On 11 September 2004, he was appointed archbishop of Tuxtla Gutiérrez. He became its first archbishop on 25 November 2006 when the diocese was raised to the status of an archdiocese. In 2009 he was elected to a three-year term as vice-president of the Mexican Bishops Conference and he was elected to a second term.

On 3 October 2012, Pope Benedict XVI appointed him archbishop of Monterrey.

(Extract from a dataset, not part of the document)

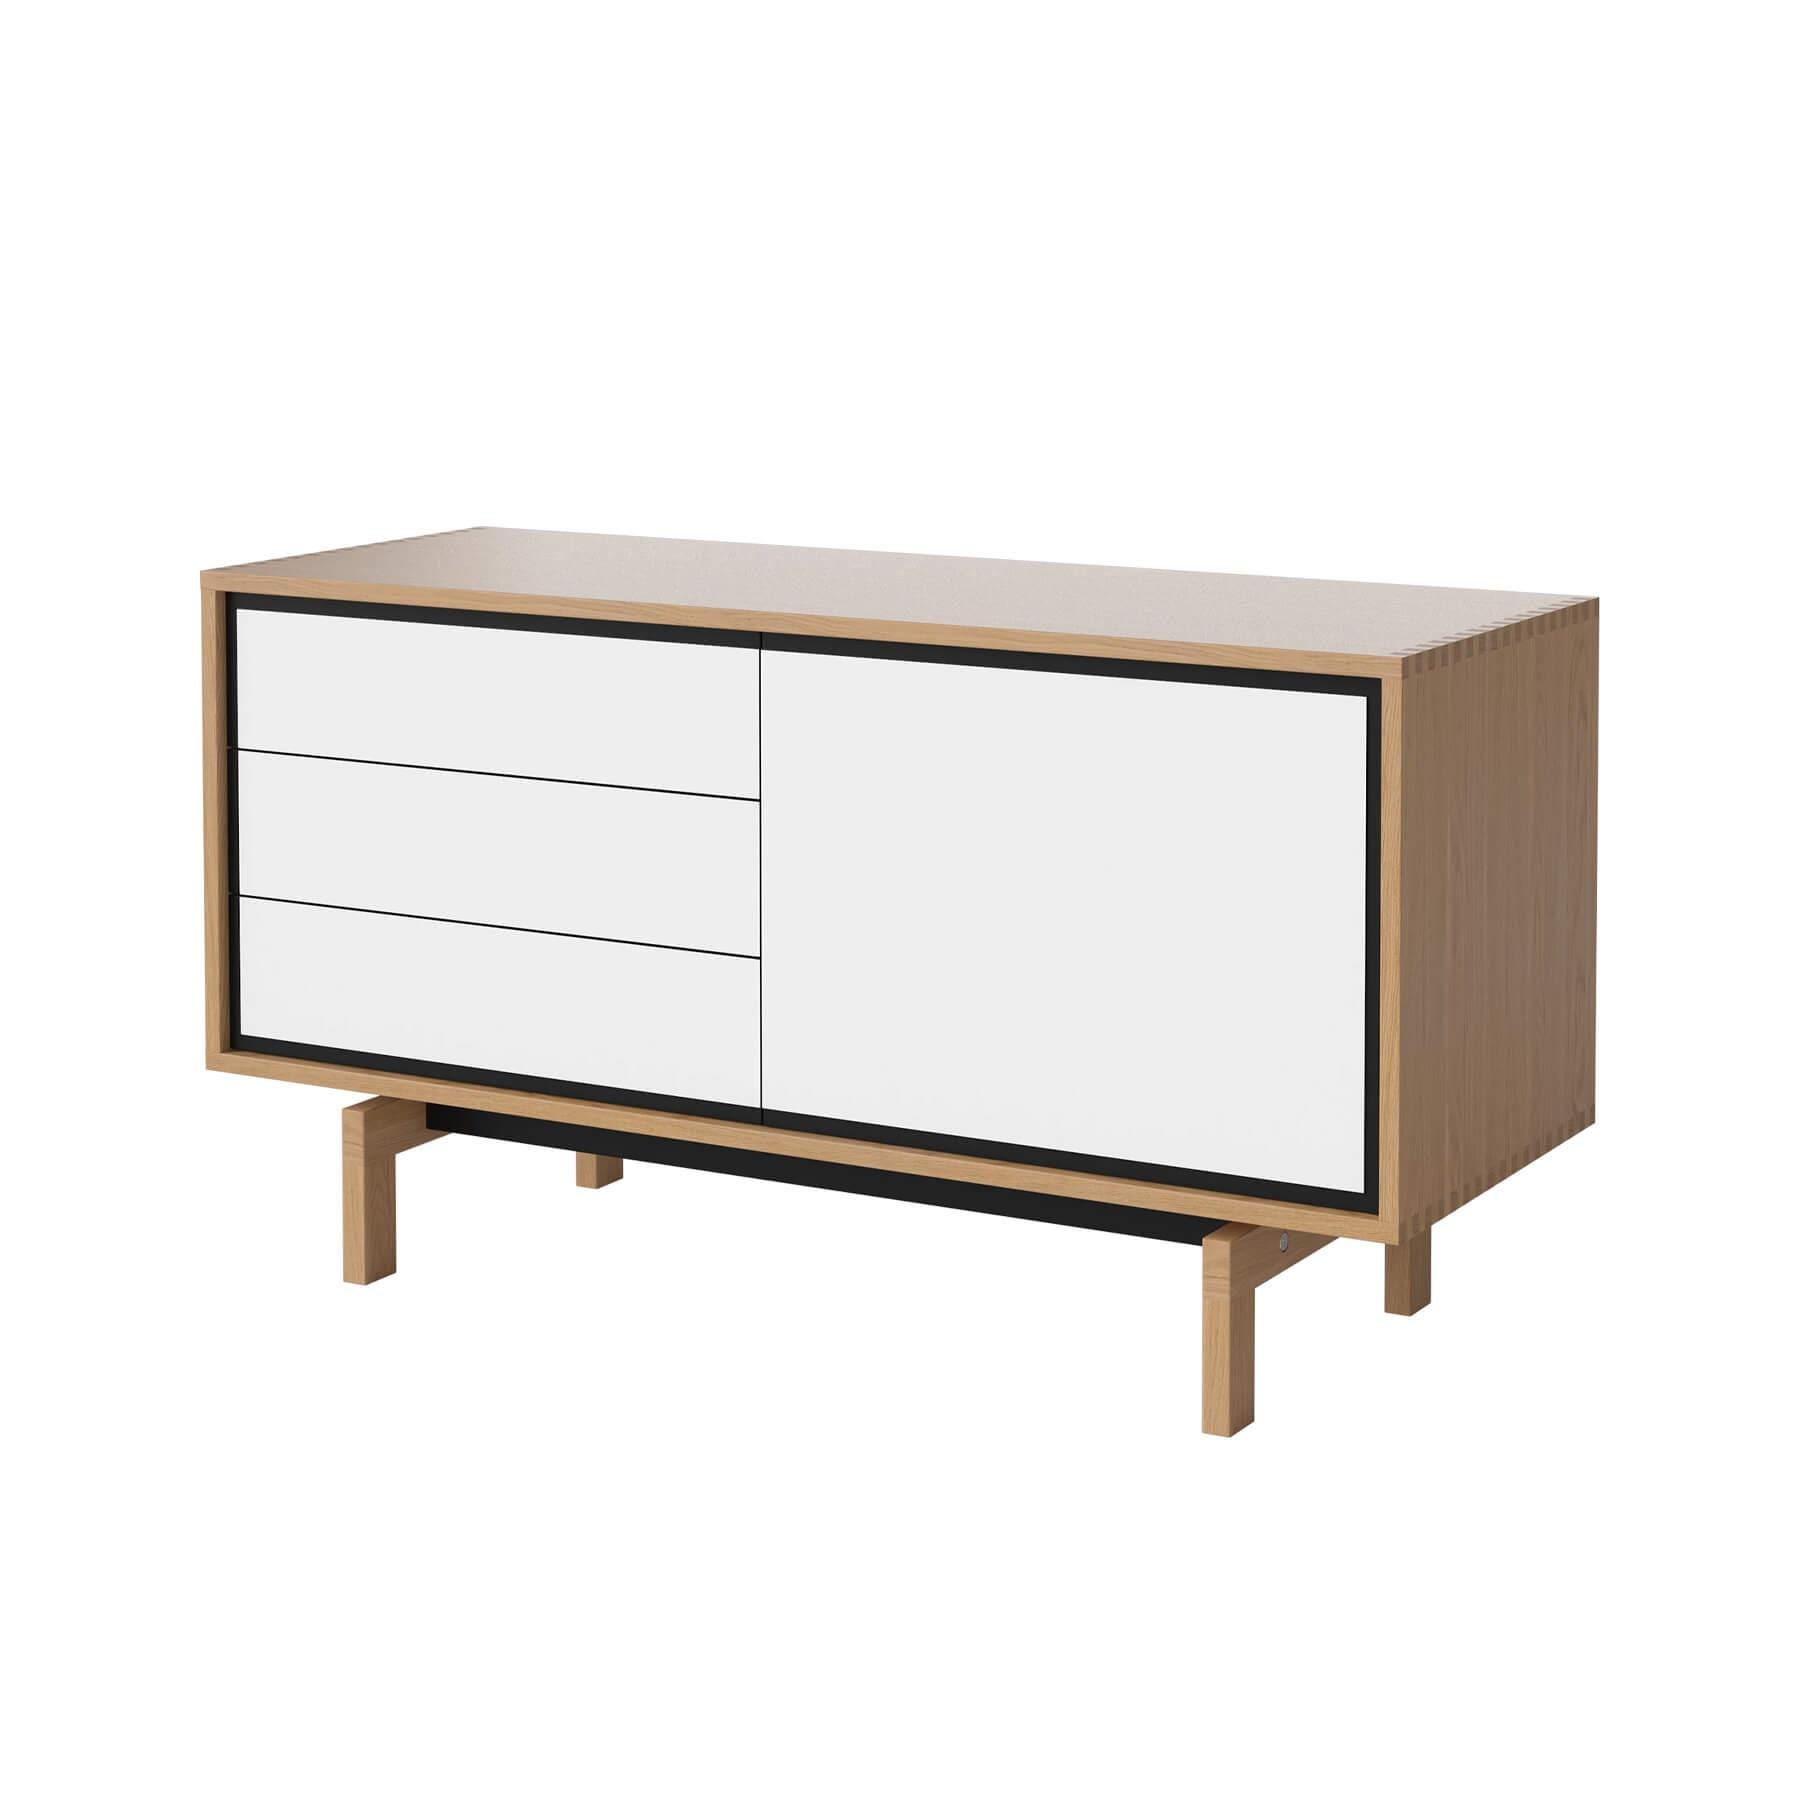 Bolia Floow Sideboard Small Oiled Oak With White Laminate Light Wood Designer Furniture From Holloways Of Ludlow

He participated in the Synod of Bishops in November 2012. He was installed in Monterrey on 5 December with a ceremony in the cathedral followed by a Mass attended by 10,000 people in the Monterrey Arena.

He was elected to a three-year term as president of the Mexican Bishops Conference in 2018. On 15 May 2019, he was named president of the economic council of the Latin American Bishops Conference (CELAM). On 10 March 2021, Pope Francis made his a member of the Pontifical Commission for Latin America.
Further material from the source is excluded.